Выбрать главу

Как же мне было приятно, что она стоит там, дожидаясь меня, с двумя билетами в руке, да еще и с едой, – и поза ее вроде бы говорит о том, что она все это спланировала прямо в тот самый момент на мессе, когда я заговорил про ретроспективу Эрика Ромера. Представилось, как она просыпается утром и вместо того, чтобы думать про Инки, строит планы вечерней встречи со мной. Сперва – попытка обзавестись моим номером. Потом, когда она увенчалась успехом, – звонок. Ближе к полудню. После полудня. Потом, видимо, пришлось оставить сообщение. Но мне никто не оставлял сообщений.

– Люди, что на льду, обычно проверяют голосовой ящик, – сказала она, припомнив мои слова.

– А те, кто залег на дно?

– Кто залег, все же дают себе труд позвонить. Я до последнего момента звонила.

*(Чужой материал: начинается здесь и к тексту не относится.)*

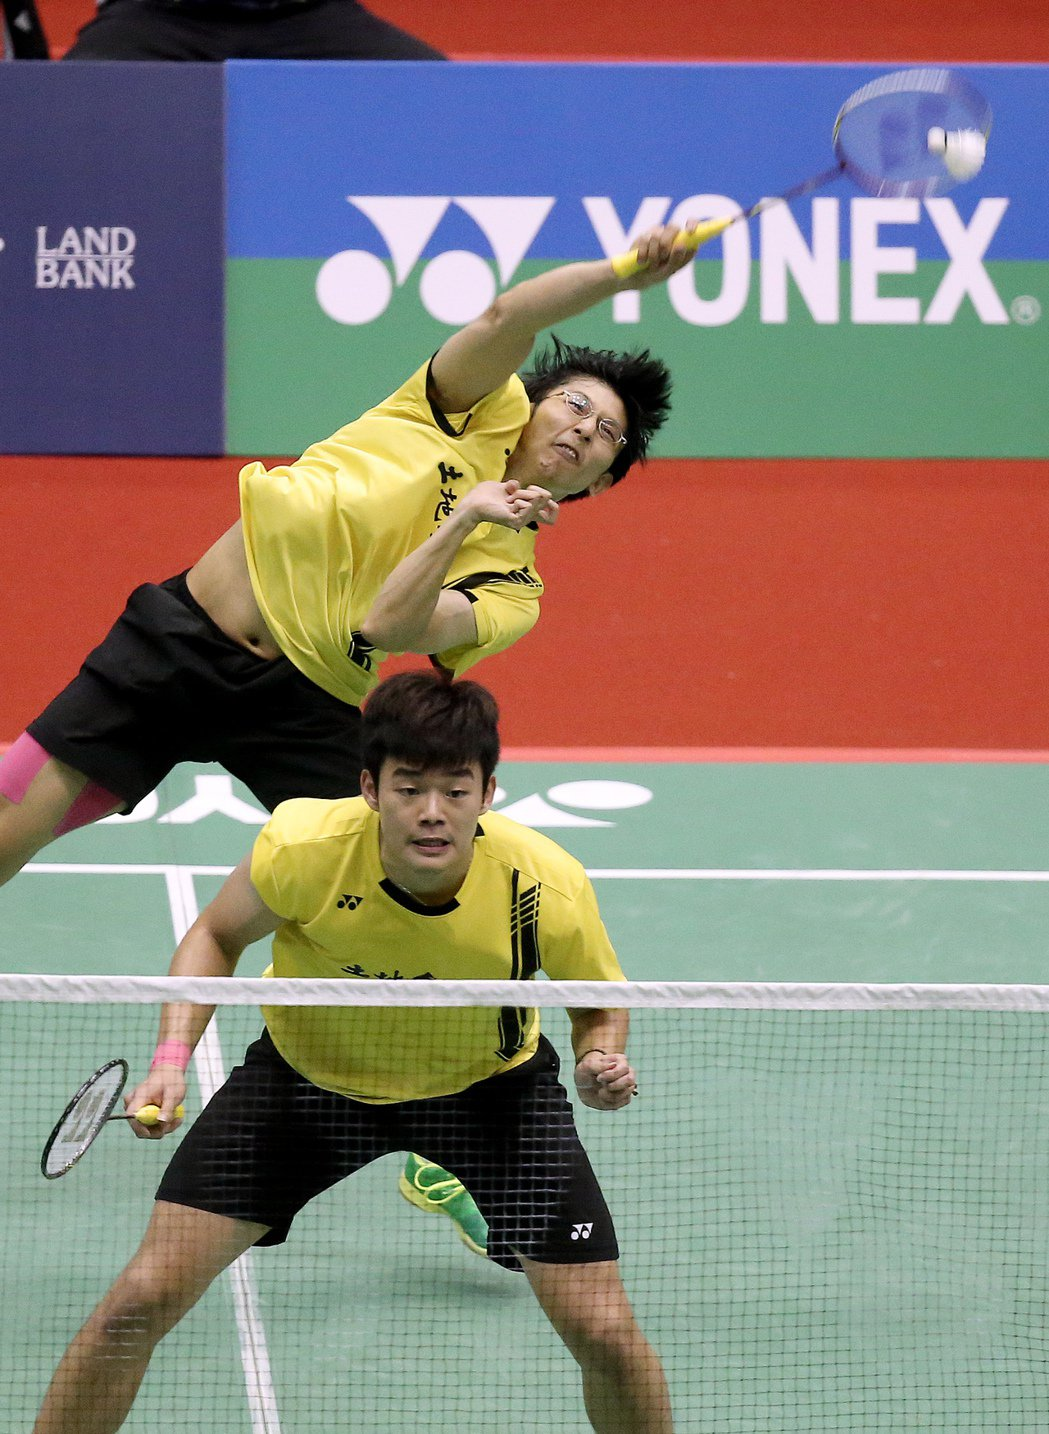 我國好手陳宏麟(後)與王齊麟(前)在男子雙打中獲勝晉級準決賽。記者余承翰/攝影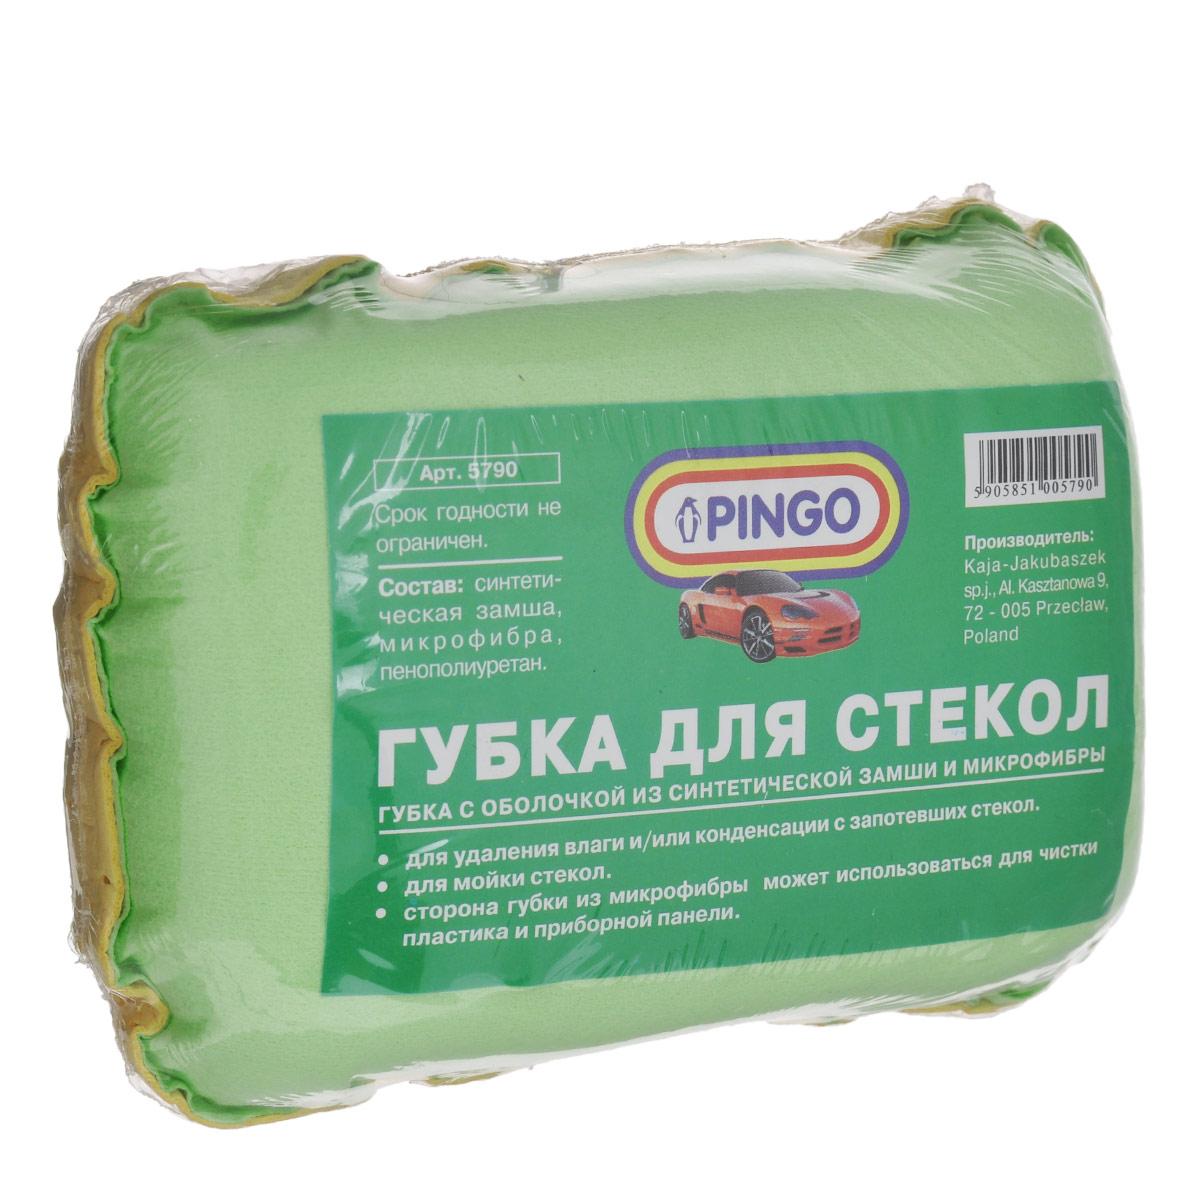 Губка для стекол Pingo, цвет: зеленый, желтый

– А откуда ты знала, что я здесь появлюсь?

На самом деле смысл вопроса был другой – откуда она знала, что я приду один.

– А если бы я не пришел?

– Пошла бы на фильм. А кроме того, – добавила она так, будто раньше эта мысль не приходила ей в голову, – мы же назначили свидание.

Знала ли она, что я знаю: мы не назначали никакого свидания, а если я вдруг притворюсь, что вспомнил, что назначали, то не для того, чтобы помочь ей спасти лицо, а чтобы отложить момент, когда придется решать, как мне самому-то себя вести.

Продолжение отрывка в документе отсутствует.